_EXERCISE DATA_.
________________

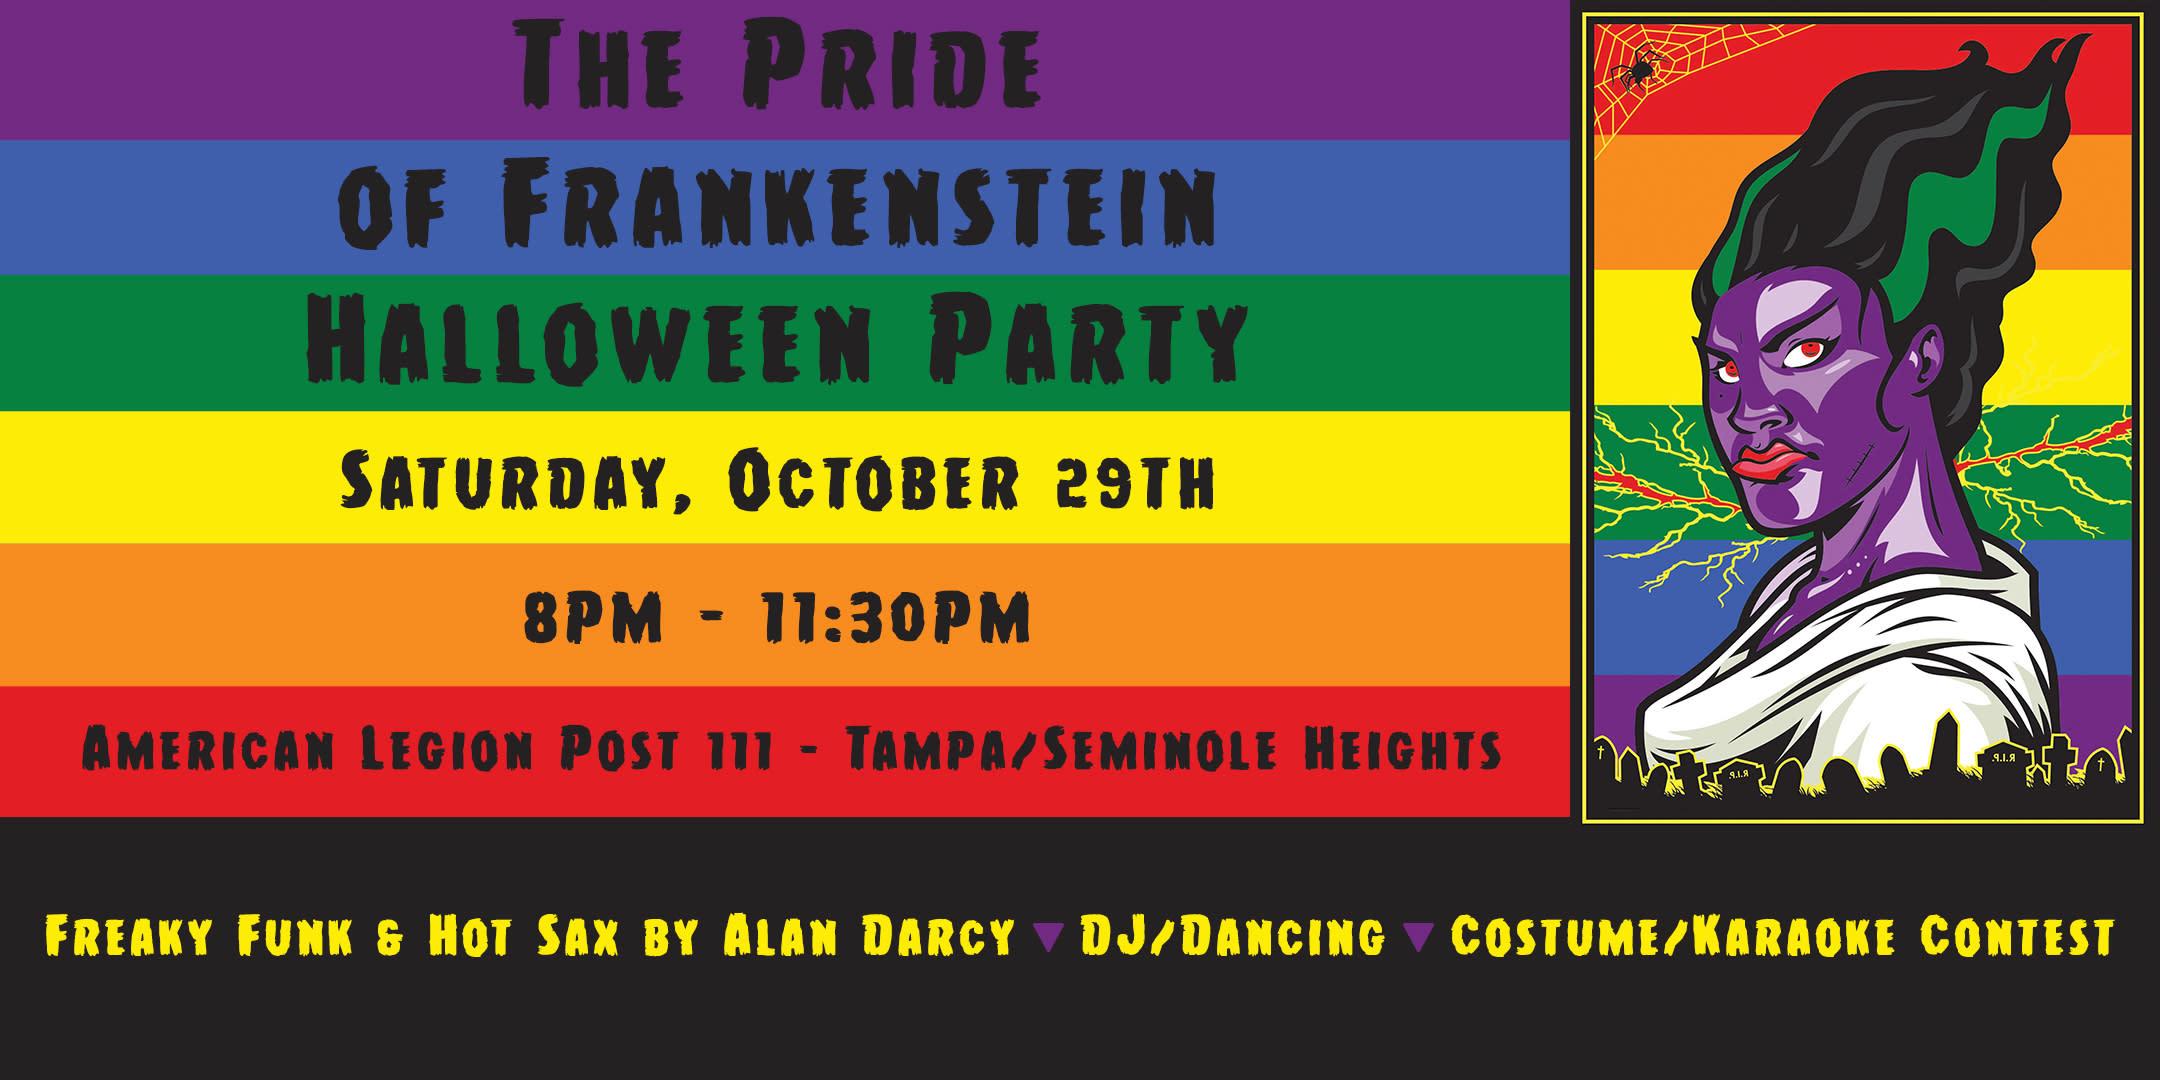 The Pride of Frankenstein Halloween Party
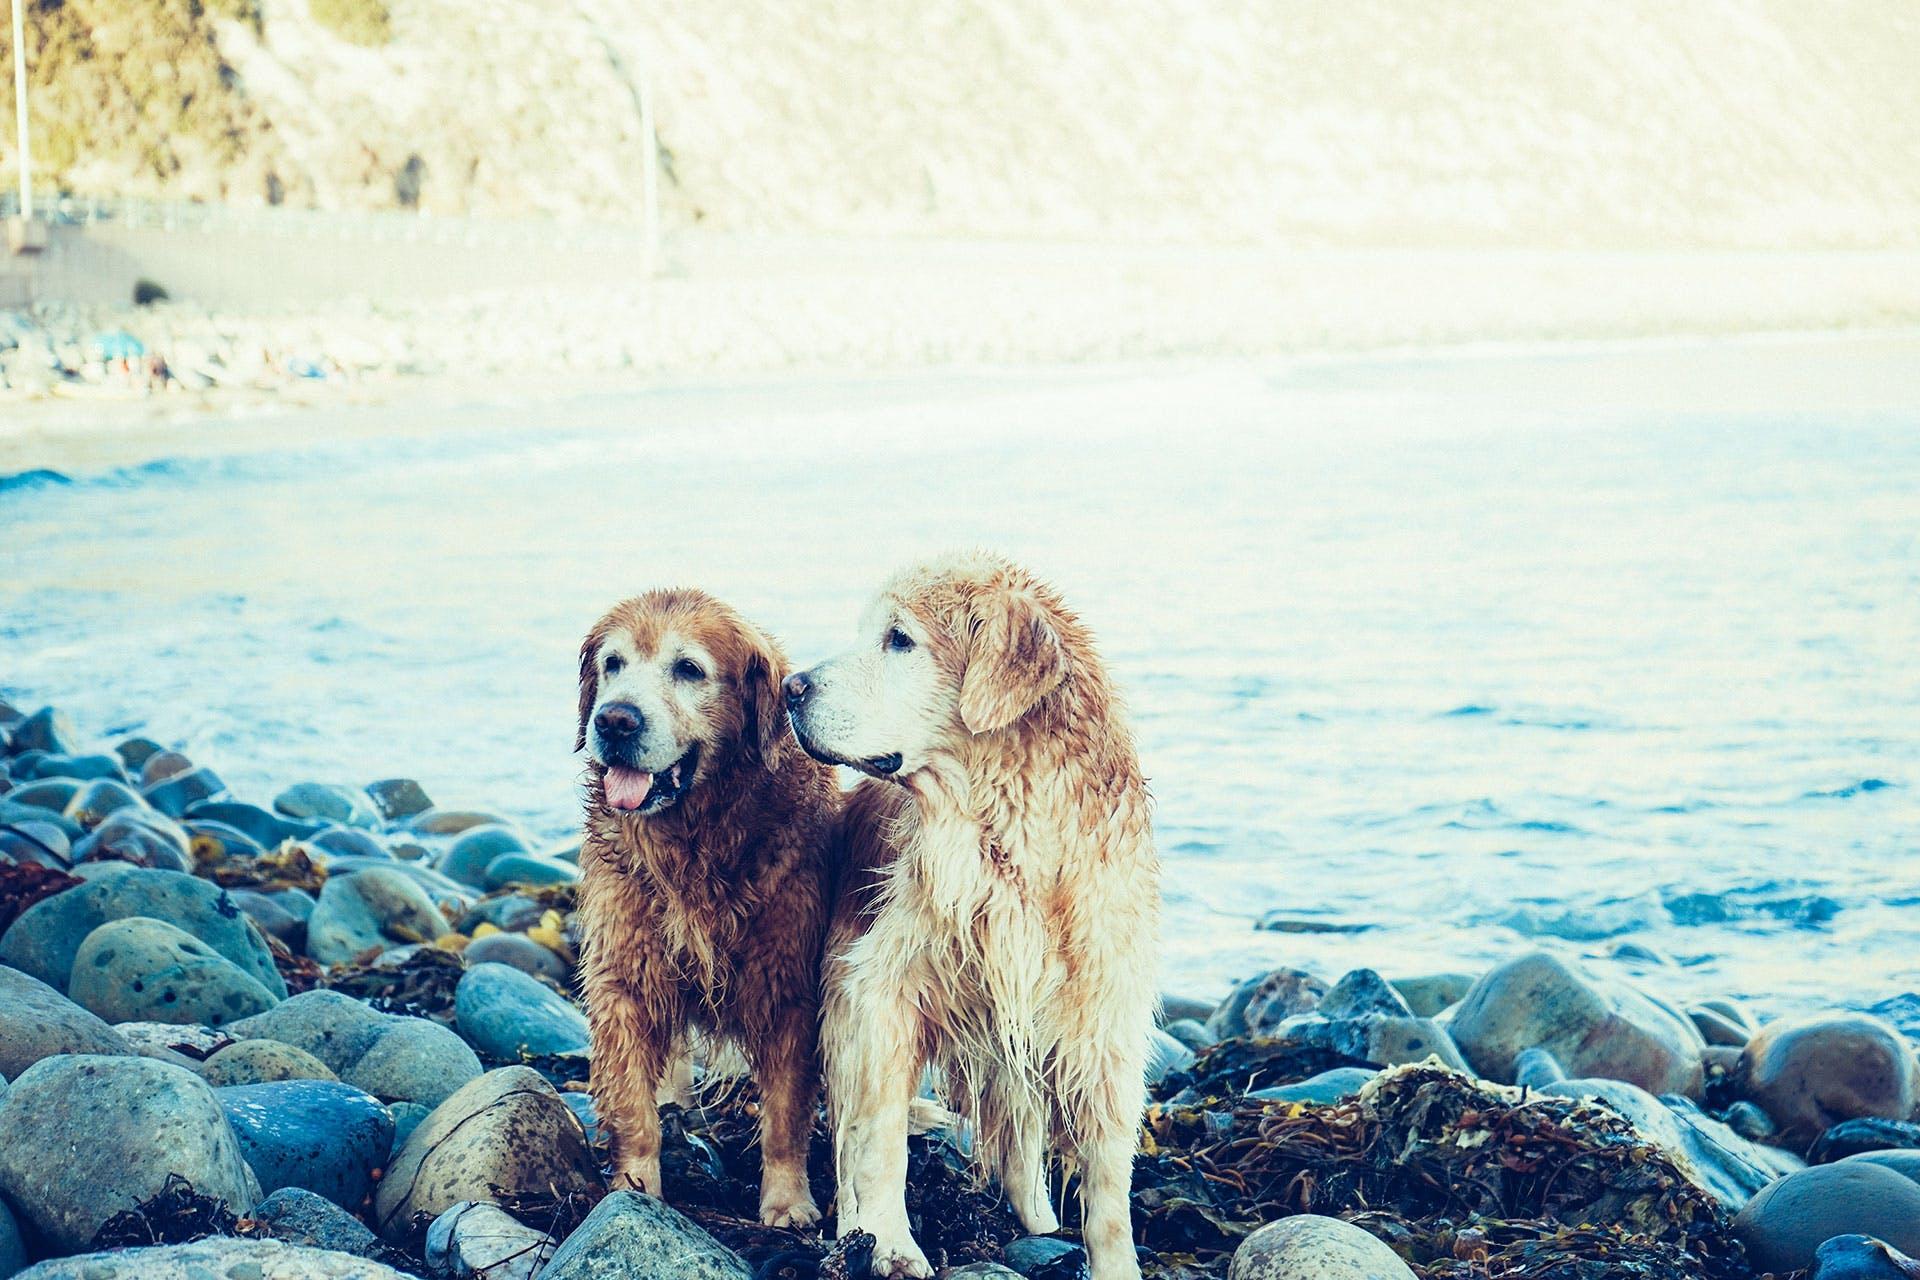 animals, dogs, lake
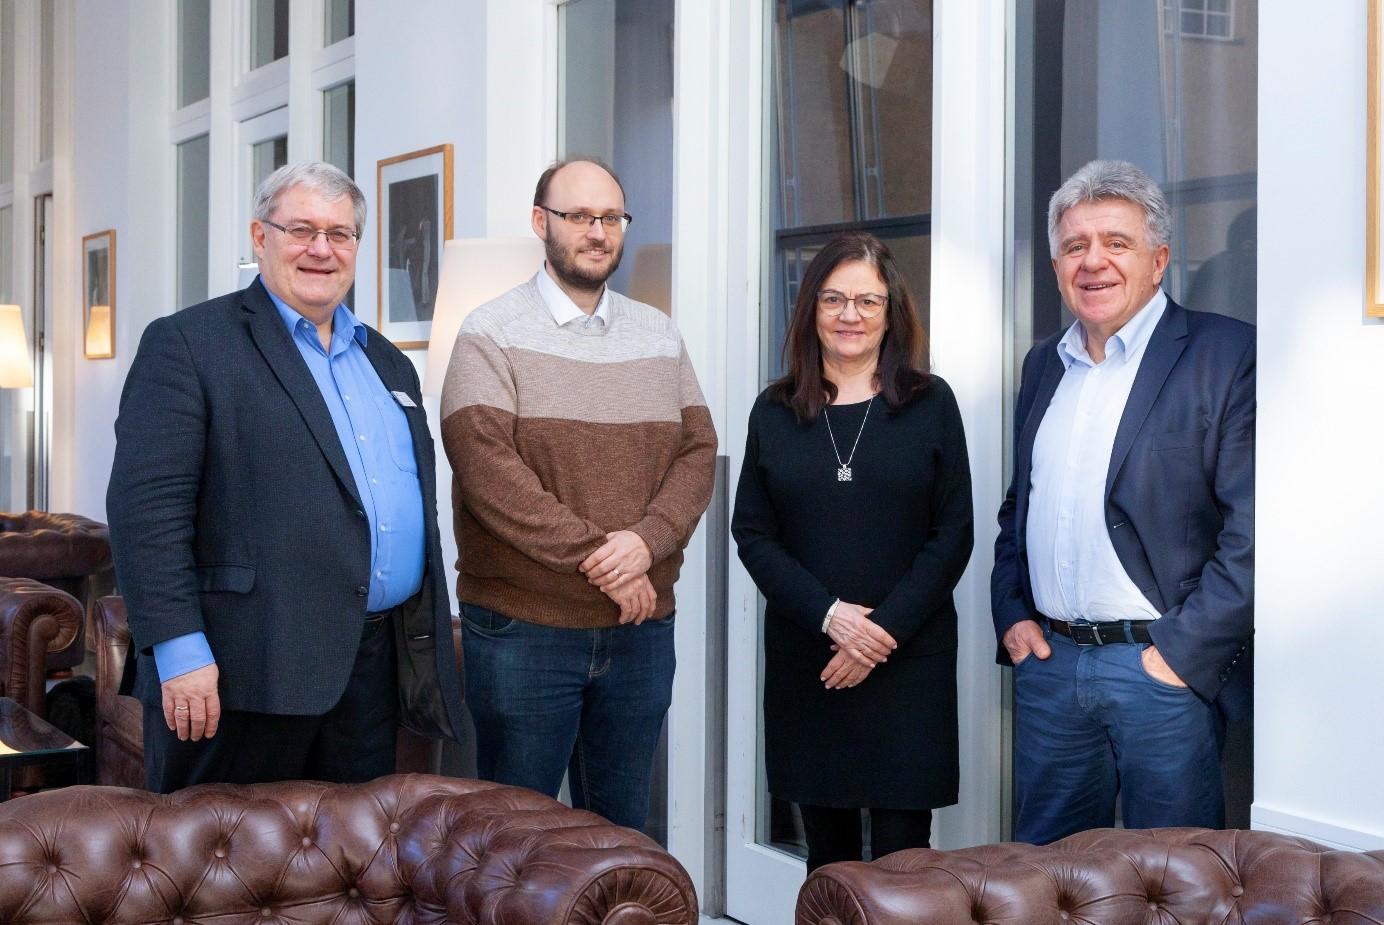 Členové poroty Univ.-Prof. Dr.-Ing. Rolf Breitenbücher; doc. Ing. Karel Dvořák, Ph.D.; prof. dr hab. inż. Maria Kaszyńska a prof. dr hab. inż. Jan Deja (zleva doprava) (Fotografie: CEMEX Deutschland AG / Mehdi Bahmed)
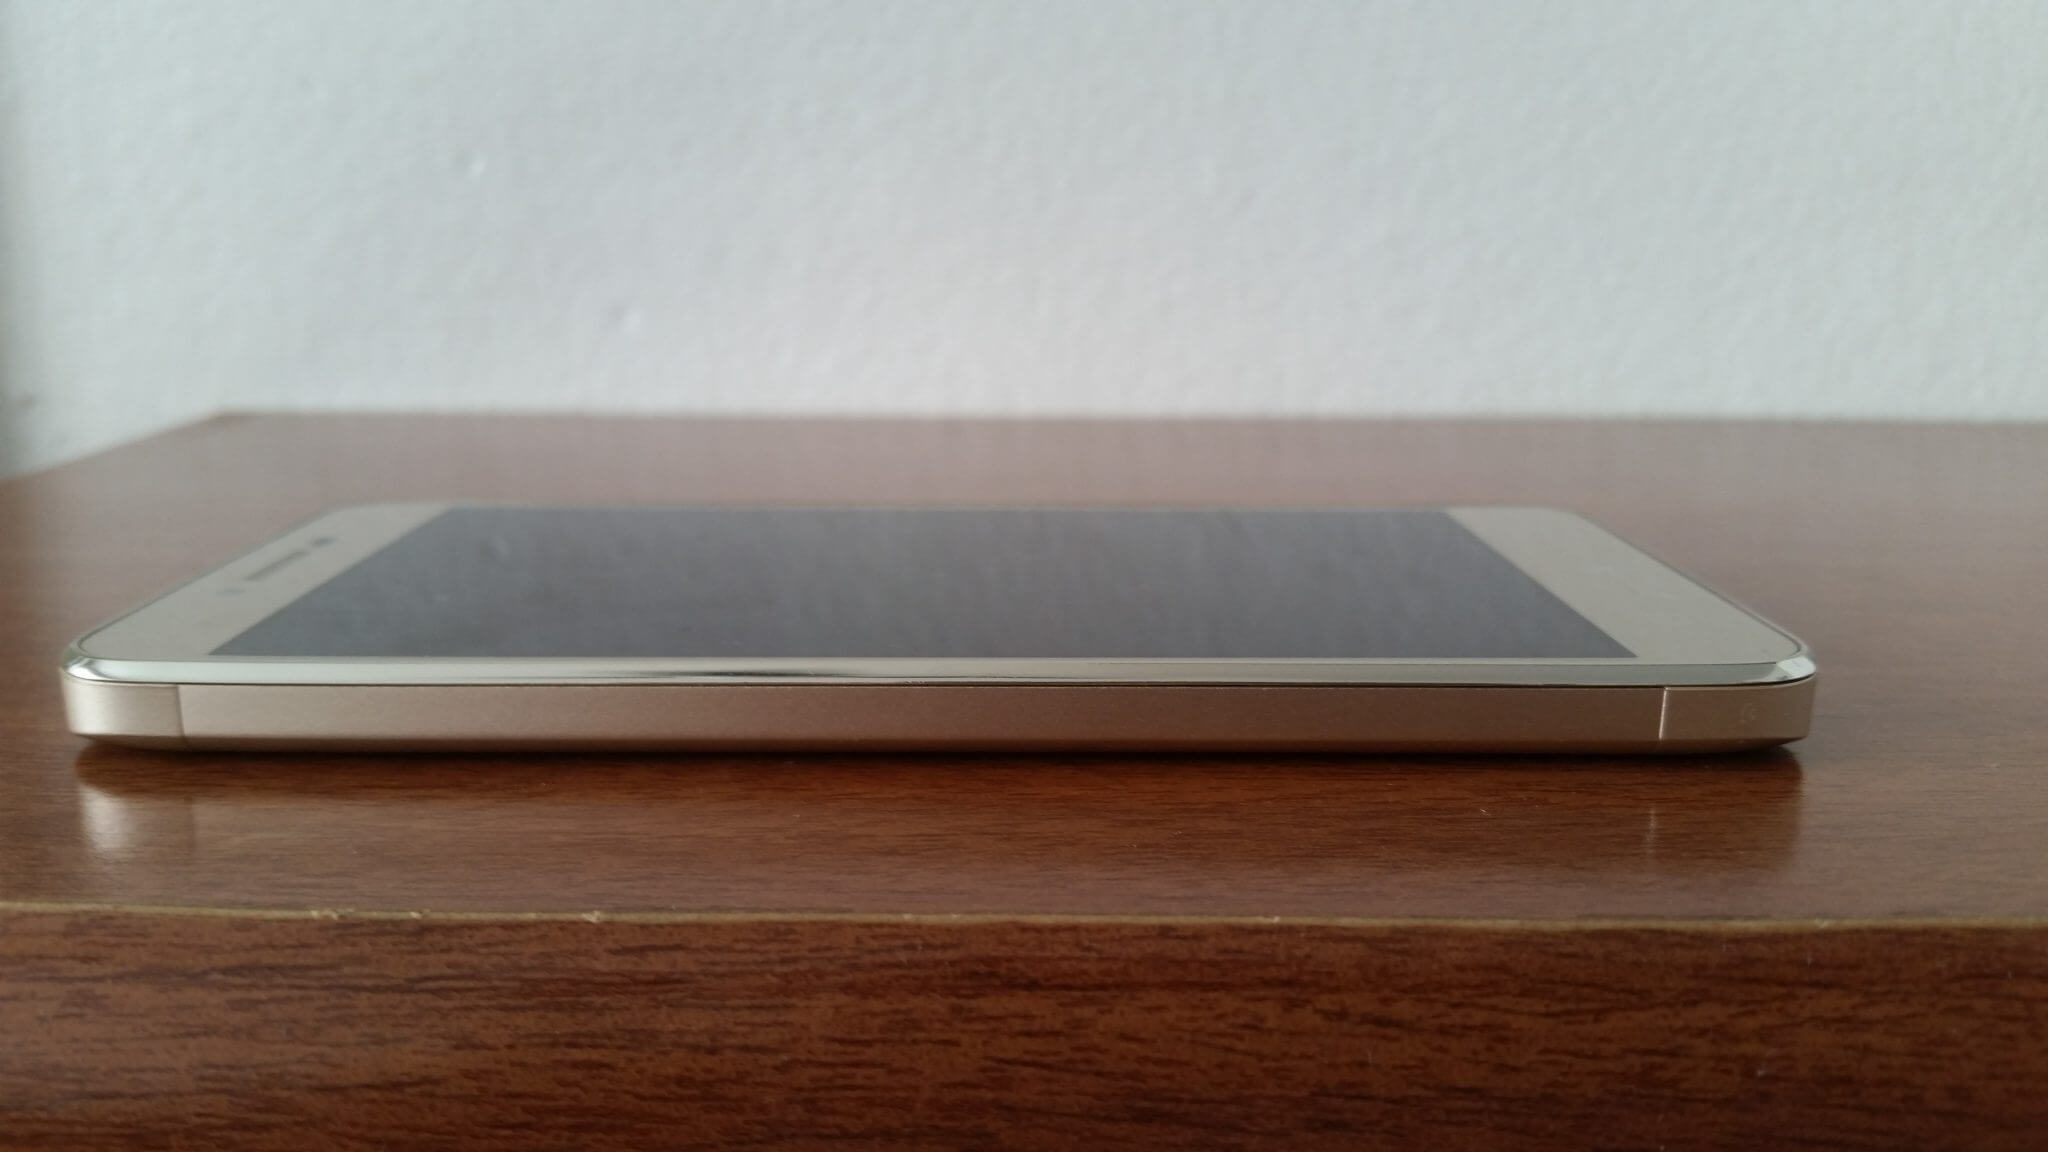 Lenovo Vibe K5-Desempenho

________________

_WHAT YOU HAVE TO DO_. Copy verbatim the span that begins at the line containing "animals, dogs, lake" and ends at the last line of the material, inclusive of both; exclude pictures.

_OUTPUT_.
 animals, dogs, lake
 Členové poroty Univ.-Prof. Dr.-Ing. Rolf Breitenbücher; doc. Ing. Karel Dvořák, Ph.D.; prof. dr hab. inż. Maria Kaszyńska a prof. dr hab. inż. Jan Deja (zleva doprava) (Fotografie: CEMEX Deutschland AG / Mehdi Bahmed)
 Lenovo Vibe K5-Desempenho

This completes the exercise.